ただの無謀ではなく、初戦を大勝で飾ったという実績があり、その実力は折り紙付きだ。詳しい国の内情が不明なのは不安だが、亜人も暮らしていると聞いた話が嘘でなければ牛人族も受け入れられるかも知れないと希望を持つことができる。
ならば、絶望しか無い今よりはいいだろう。しばらく迷った牛人族達であったが、結局集団で魔王国へと向かう道を選んだのだった。
「では、魔王国へと移動するぞ! 忘れ物は無いか?」
牛人族の指導者達の話し合いによる決定に従い、300人の牛人族達は皆自分の家を背負ってゆっくりと歩き出した。
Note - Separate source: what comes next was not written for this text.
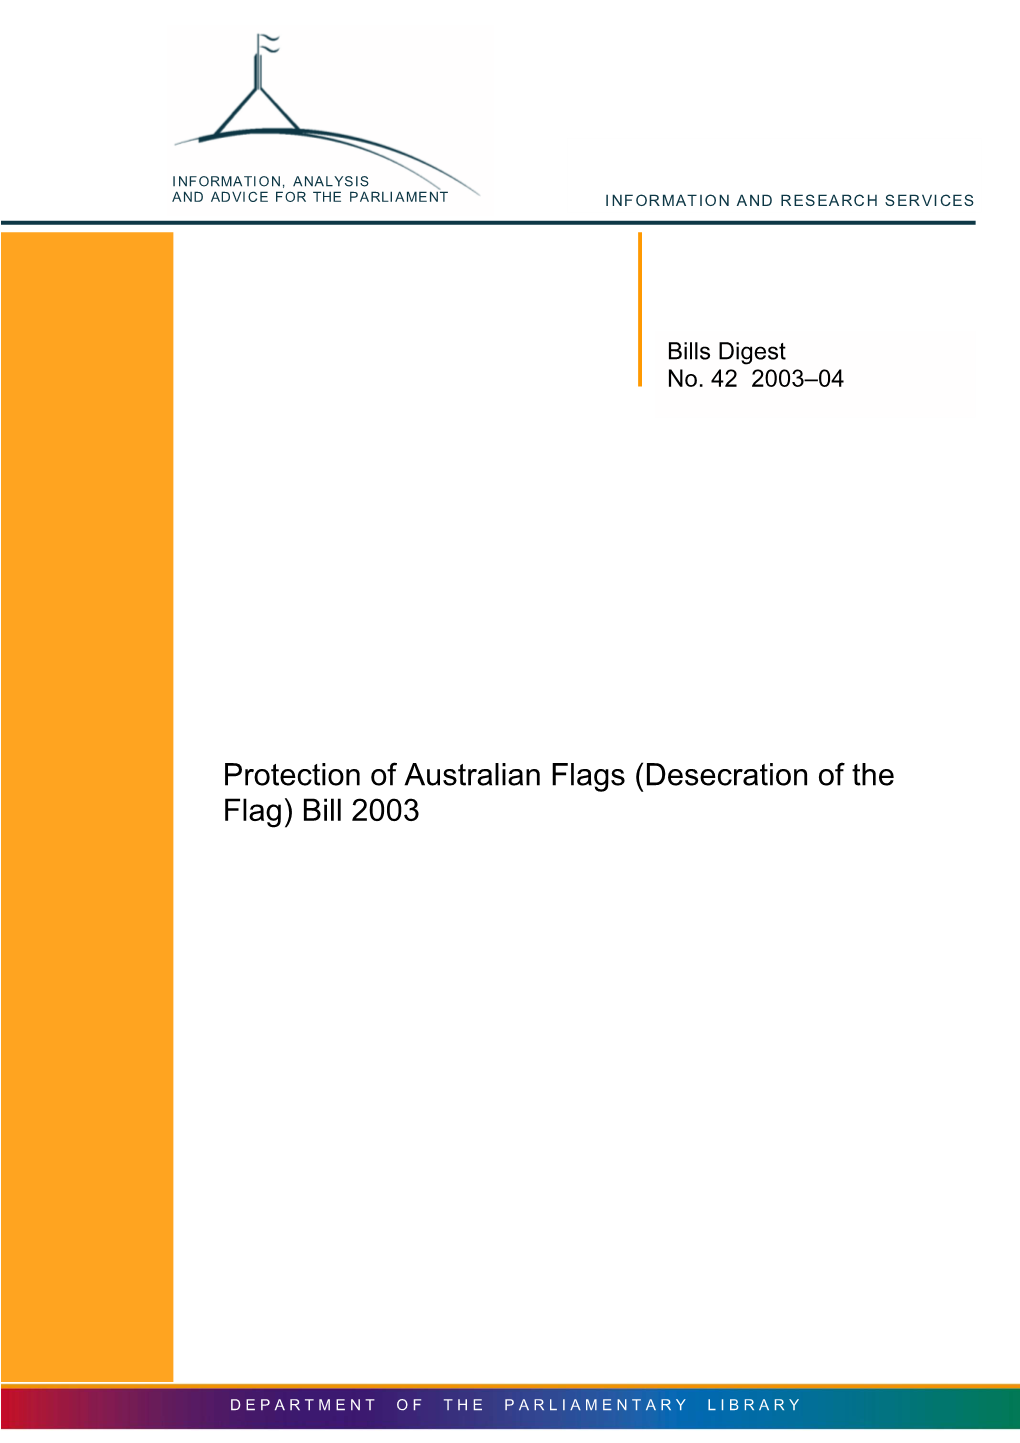 Protection of Australian Flags (Desecration of the Flag) Bill 2003

家を背負うというともの凄いことをしているように聞こえるが、テントなので実際には丸めたデカい布を各家族が一つ運ぶだけである。だけとは言っても、それでも重量はかなりのものになるが。
パワー自慢というだけのことはあり、牛人族達はその他の家財に食料まで荷車一つ使わず腕力だけで運ぶ。その姿を見ると、確かに労働奴隷として優秀だろうと納得できるものがあるのであった。
その先頭を行くのは、牛人族達の族長、カウル。年齢的には人間換算で20そこそこの若者であるが、生まれ持ったとある能力を評価された男だ。
牛人族の族長は集団で移動するときに先導するのが役割だ。別に書類仕事があるわけでもなく、戦うわけでもない彼らの長とは『安全な道を示すこと』が全てである。
通常は長い経験を積んだ年寄りが族長となり皆を先導するのだが、カウルは特別強い危機感知能力を産まれたときから備えていた。本人も説明できないのだが、妙に鋭い勘で『こっちは何となく危ない』と危険な生物の接近などに誰よりも早く気がつくことができるのである。
その能力を駆使し、カウルは牛人族一族を安全に移動させ、目的地である魔王国の国境まで導く。
道中何度も人間と遭遇しそうになっては勘によって回避することを繰り返し、一人の犠牲者も出すこと無く最初の目標である魔王国とル=コア王国の国境に辿り着くと、そこで見たのは――
「我らは虎人族! 魔王国とやらよ! 我らと同盟を結ぶがいい!」
「同盟だと? 生ぬるいな虎共! 軟弱なエルフ如き、我ら獅子人族に平伏させてくれるわ!」
恐らくは牛人族と同じ目的で魔王国にやってきたのだろう、しかし非常に好戦的な亜人種族が吠えている光景であった……。